It's hard to keep....

I suppose it depends on if its wild collected or aquacultured. Wild collected euphyllia in general I have never seen a good survival rate, but if that was grown from an existing colony there should be no reason why it would be hard to keep.
 
Wow that thing is impressive! If anyone can figure out how to keep it its Dong.
Get that thing growing out so you can share nice hardy frags!
 
It has been in captive for a long long time, first in NY city, then moved to MA, then moved to me.
 
. Wild collected euphyllia in general I have never seen a good survival rate,.

Except some torch coral, Euphylia is among the hardest coral regardless captive grown or wild caught.
 
By the way, what I get is a frag of frag of frag...hahaha
 
By the way, what I get is a frag of frag of frag...hahaha

That thing should do just fine then. I may want a frag of that when you have more.
 
Except some torch coral, Euphylia is among the hardest coral regardless captive grown or wild caught.

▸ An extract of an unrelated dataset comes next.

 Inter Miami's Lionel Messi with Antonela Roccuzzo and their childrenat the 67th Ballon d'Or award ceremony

I have had excellent luck with captive grown stuff, the issue is its just such a slower grower its really tough to justify having space in frags tanks to do so. I have had a lot of issues with wild caught melting during shipping.

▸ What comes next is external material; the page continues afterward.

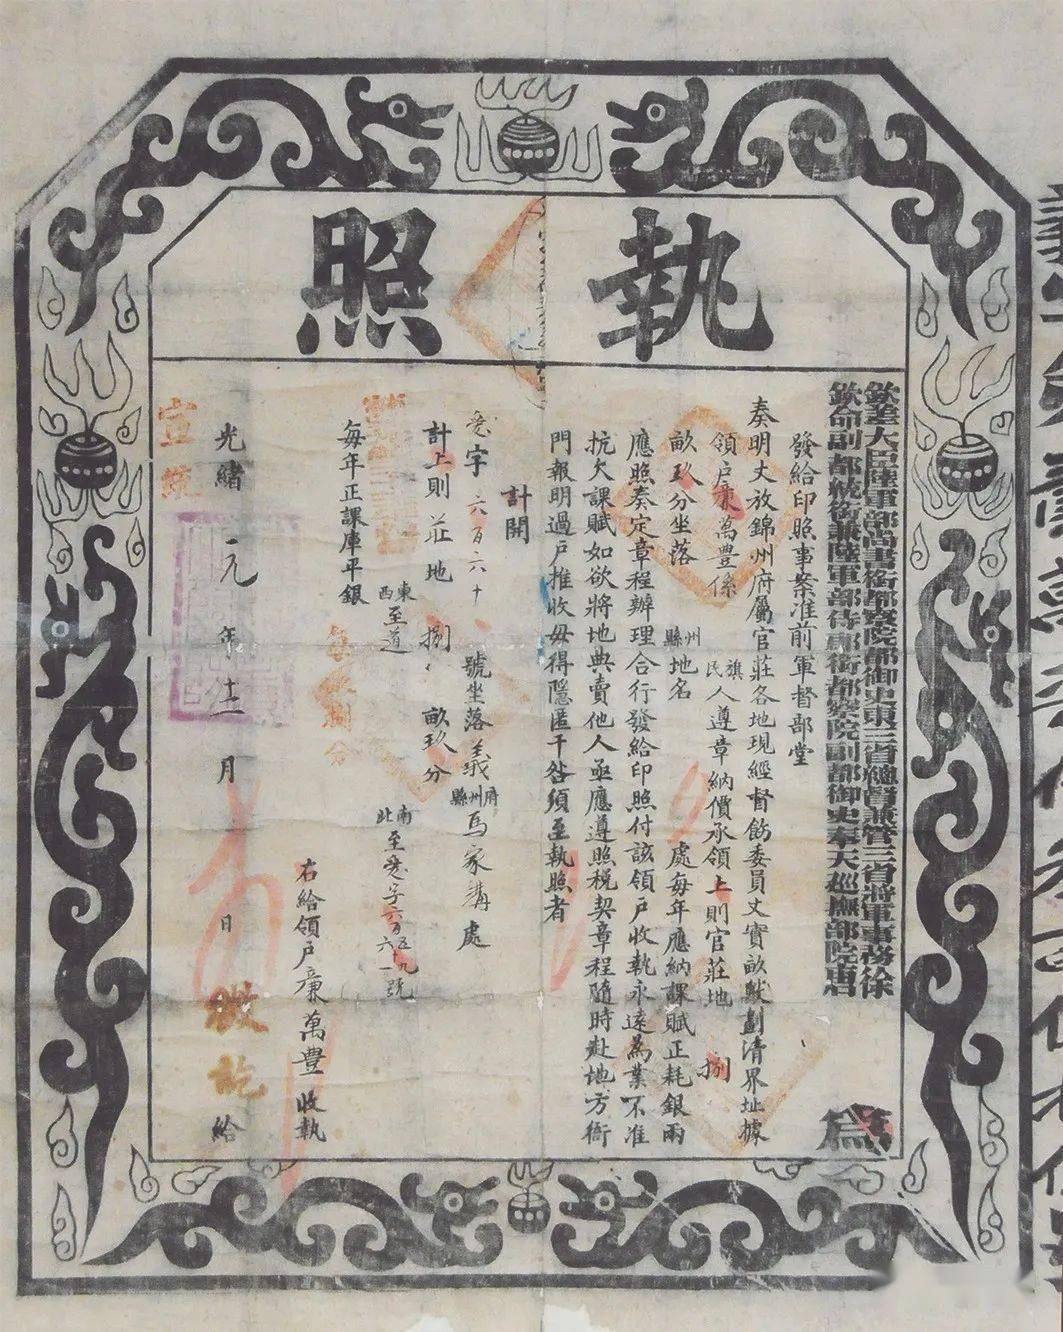 是清朝光绪皇帝御笔签发的 "龙票"而得名
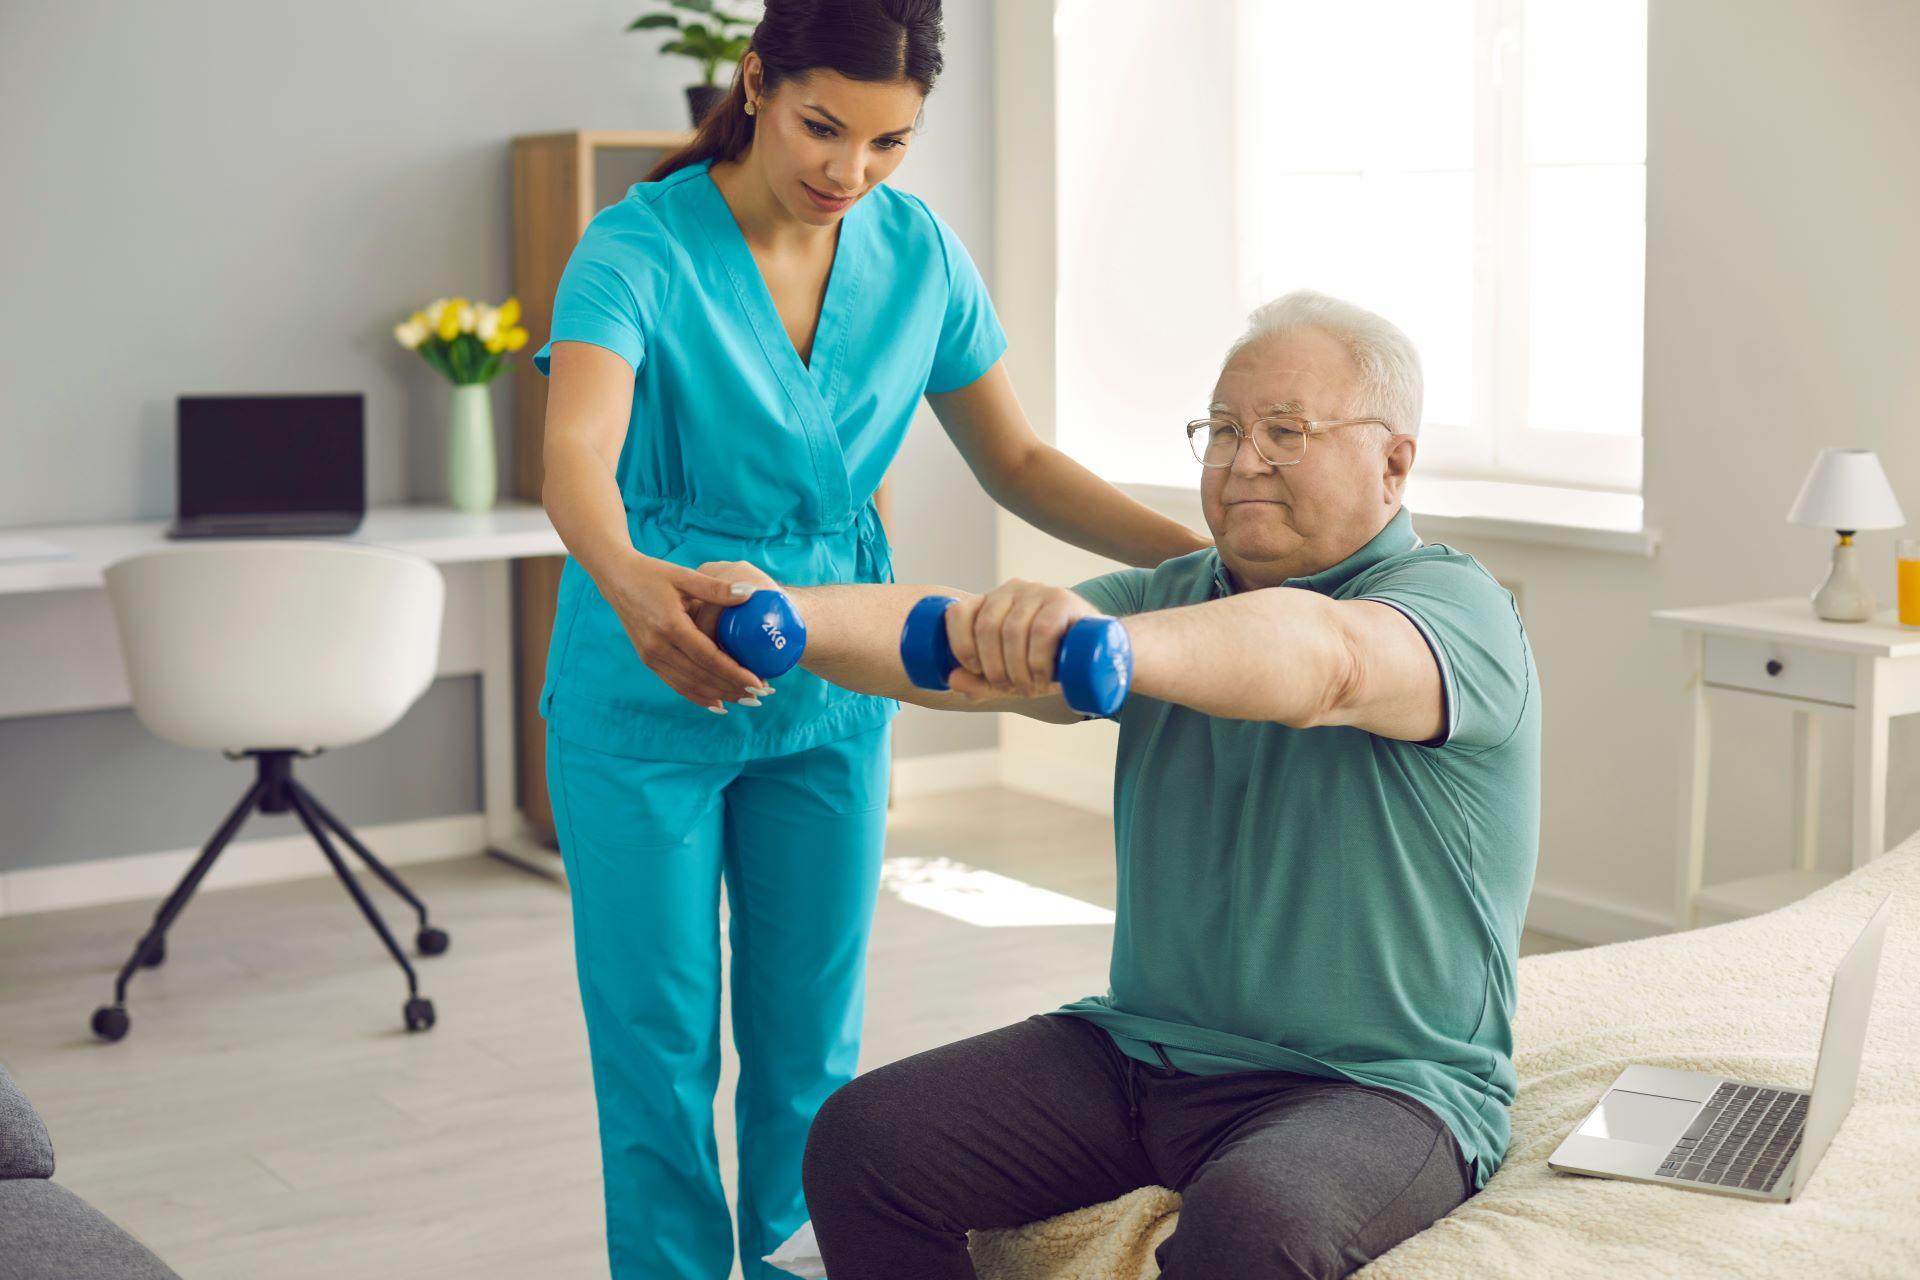 Ein Arzt, ein Physiotherapeut oder eine Krankenschwester prüft, wie zufrieden ein älterer Patient mit den Armübungen während des Wellness-Trainings ist. Hilfe, Physiotherapie und Seniorenrehabilitation

Say if I order 10 heads of a wild caught hammer, I easily lose 20-30% in shipping every time. Unfortunately it may be due to wholesales getting them and then turning them right around with a days time really stressing them out.
 
Shipping hammer is hard due to their heads are easy to be damaged. I used to transport a large hammer colony up side down with their heads sitting on soft netting.
 
Shipping hammer is hard due to their heads are easy to be damaged. I used to transport a large hammer colony up side down with their heads sitting on soft netting.

+1 upside down is what we do as well.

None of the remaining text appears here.